I have a similar issue as the OP but in a different context, my iterative algorithm needs to mutate the matrix A by adding columns and/or rows. The first time, the QR is computed using DGEQRF and thus, the compact LAPACK format. After the matrix A is mutated e.g. with new rows I can quickly build a new set of reflectors or rotators that will annihilate the non-zero elements of the lowest diagonal of my existing R and build a new R but now I have a set of H1_old H2_old ... Hn_old and H1_new H2_new ... Hn_new (and similarly tau's) which can't be mixed up into a single QR compact representation. The two possibilities I have are, and maybe the OP has the same two possibilities:
Always maintain Q and R explicitly separated whether when computed the first time or after every update at the cost of extra flops but keeping the required memory well bounded.

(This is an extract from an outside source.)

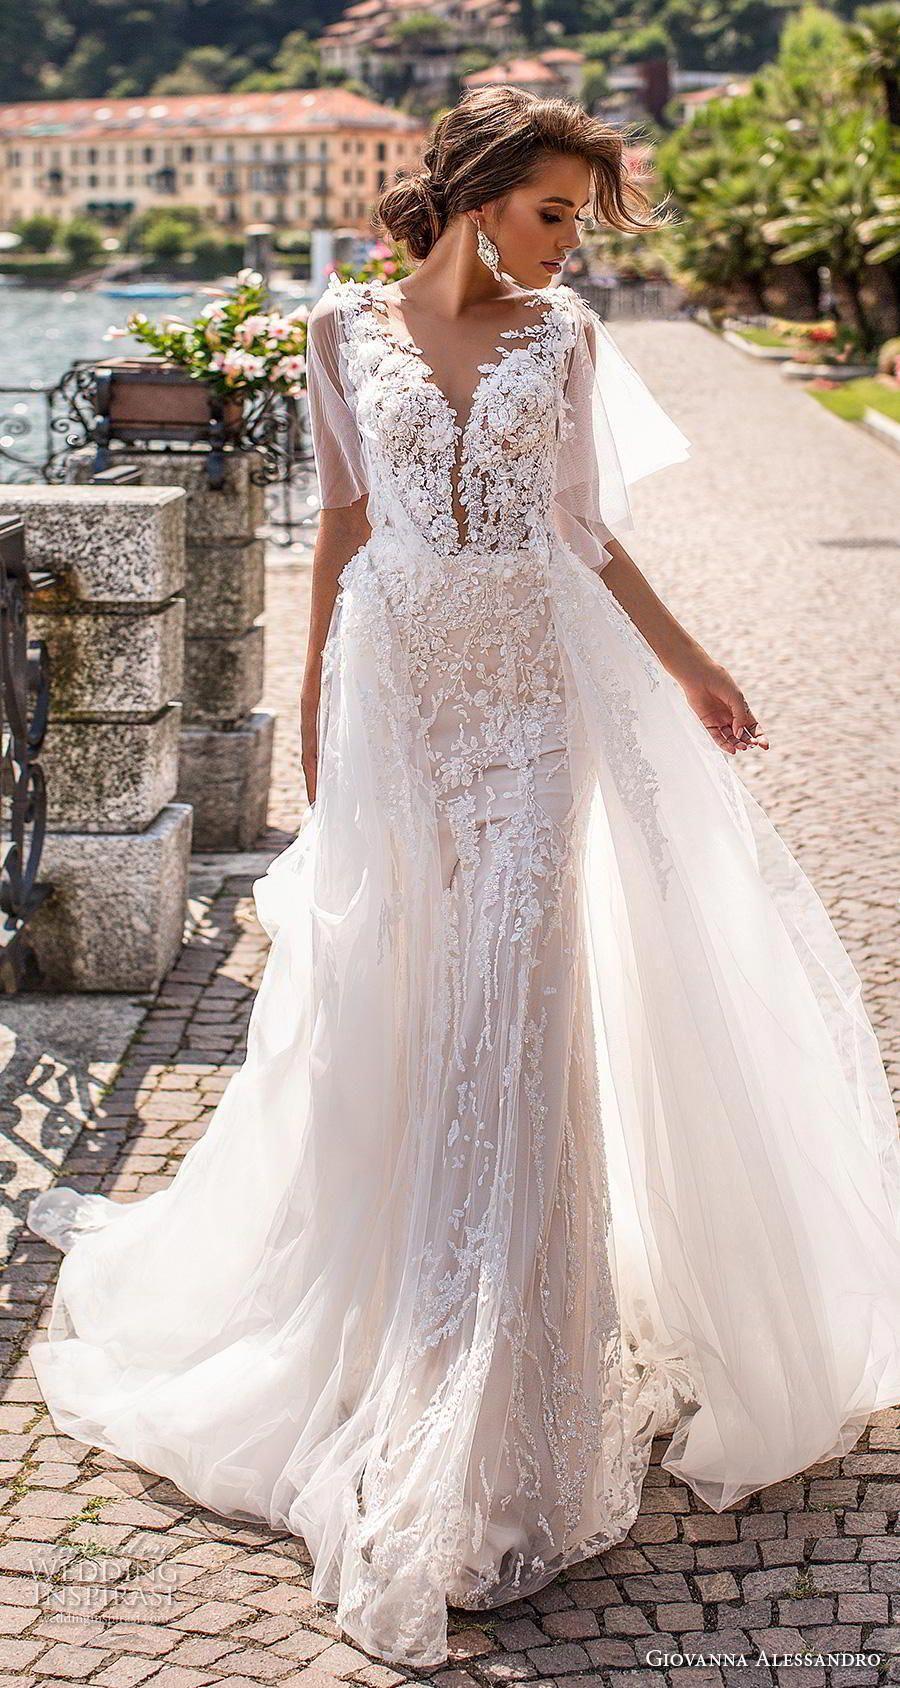 Dresses Dresses Bridal Dresses Wedding Dresses Top Wedding Dress Designers

Stick to the compact LAPACK format but then every time a new update comes in, keep a list of all these mini sets of update reflectors. At the point of solving the system one would do a big Q'*c i.e. H1_u3*H2_u3*...*Hn_u3*H1_u2*H2_u2*...*Hn_u2*H1_u1*H2_u1...*Hn_u1*H1*H2*...*Hn*c where ui is the QR update number and this is potentially a lot of multiplications to do and memory to keep track of but definitely the fastest way.
The long answer from David basically explains what the compact QR format is but not how to get to this compact QR format having the explicit computed Q and R as input.